The potential for varying antiretroviral resistance patterns in different body compartments was addressed. No differences in RT and protease sequences were found between 42 paired viral samples obtained from plasma and lymph node of 28 patients. (Abstract I-122.) Drug resistance was infrequently detected in virus isolated from the genital tract of women when compared to paired virus isolated from their plasma. (Abstract I-124.)
A consensus is emerging that current methodologies for detecting in vitro resistance of HIV-1 to antiretroviral agents may be useful in predicting which drugs will be ineffective, but that the methodologies are insufficiently sensitive to minority viral populations to be reliably predictive of drug success.

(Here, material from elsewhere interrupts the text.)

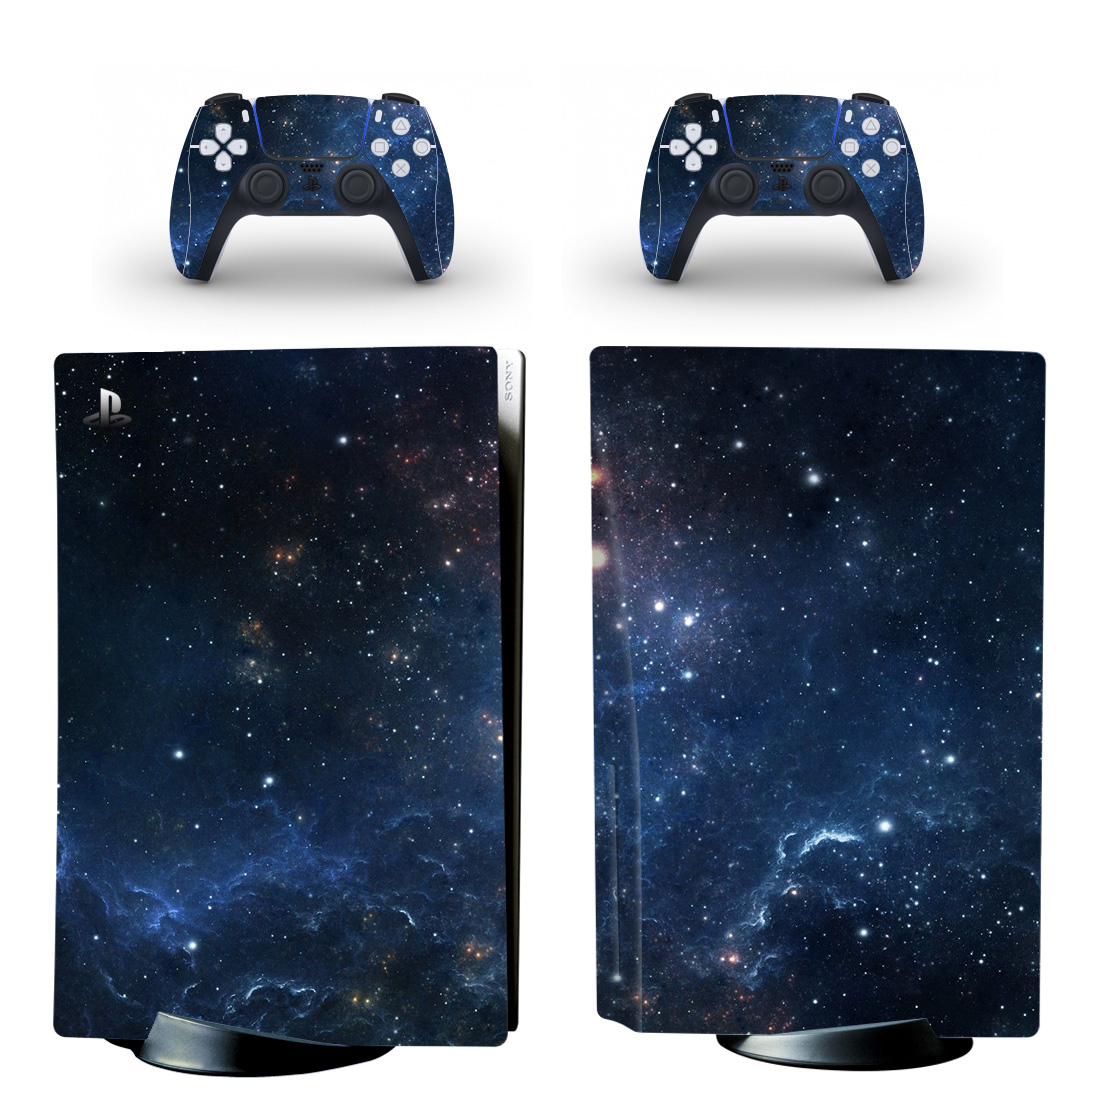 Night Sky With Stars And Clouds Console Skin Sticker And Controllers

There is, in addition, a continuing battle among varying technologies for determining genotypic and phenotypic resistance. Three methods of genotyping were compared: gene chip hybridization-based sequencing (Affymetrix), direct solid phase sequencing (Applied Biosystems), and point mutation probe assay (Murex). A panel of nine RT plasmids and 28 clinical isolates were examined. While gene sequencing detected the most mutations, the other two methods also performed well. (Abstract I-114.)
Polymorphic changes in the HIV-1 gene pool not associated with drug resistance consistently developed prior to the appearance of mutations associated with drug resistance. This suggests that their detection may serve as an early warning system. (Abstract I-76.)
An evaluation of treatment-experienced patients given ritonavir and saquinavir in combination found, by multivariate analysis, that both baseline genotype (by VircoGENTM sequence analysis) and phenotype (by Antivirogram TM) antiretroviral susceptibility tests were highly predictive of response to this combination. Patients with baseline phenotypically susceptible virus were 12-fold (95% CI 1.2-111; P < 0.05) more likely to respond (HIV RNA < 500 copies/mL) than those with non-susceptible patterns. Virologic response was four-fold (95% CI 1.0-13; P < 0.05) more likely in those with genotypic susceptibility. Nonetheless, only approximately one-half of patients with in vitro evidence of drug susceptibility responded to the salvage regimen with a reduction in viral load below the limits of detection. (Abstract I-78.) This is consistent with the emerging consensus noted above, that genotypic and phenotypic tests are useful in predicting treatment failure, but not success.
One potential mechanism of resistance not detectable by current assays is reduced phosphorylation of nucleoside analogs. The thymidine kinase content of peripheral blood mononuclear cells is decreased in patients with high viral load and/or low CD4 count, theoretically leading to decreased phosphorylation of some NRTIs and resultant reduced antiretroviral activity. (Abstract A-70.)
Multinucleoside analog resistance (MNR) has previously been associated with the accumulation of multiple mutations, as well as with the codon 151 multidrug resistance cluster. MNR has also been found in association with insertions in the RT gene at or near codon 69, most commonly 69S (-S-S). While this alteration alone does not cause significant resistance, its presence together with ZDV resistance mutations is associated with cross-resistance to d4T, ddI, and ddC. (Sunday, Abstract LB-4.)
The ZDV-associated resistance mutations, M41L and M41L + K70R, are associated with reduced viral fitness. (Abstract I-111.)
The complete protease genes of HIV-1 isolates from 58 PI naïve patients were sequenced prior to the initiation of therapy, which included a PI to determine if the presence of polymorphisms predict failure of response to treatment. No mutations known to be associated with PI resistance were detected, but differences from the subtype B consensus sequence were detected at 29 individual codons, with a median number of differences per isolate of four. There was no correlation between the number of amino acid substitutions and response to therapy, indicating that these natural polymorphisms are not relevant to PI treatment outcome. (Abstract I-112.)
Failure of ritonavir therapy is initially associated with increased drug resistance and reduced viral replicative capacity (fitness). At this stage, the viral protease demonstrates an increased protease Ki to ritonavir, consistent with resistance to this drug; the reduced fitness is associated with diminished catalytic efficiency of the protease. With continued drug administration (and, thus, continued selective pressure), however, a quadruple mutant (36I-54V-71V-82T) that has increased replicative efficiency may subsequently arise. Evolution of this increased viral fitness is associated with an increased catalytic efficiency of the protease compared to wild type viral protease, while the ritonavir Ki remains stable. The unfortunate consequence is a drug-resistant virus with increased replicative capacity. (Abstract I-118.)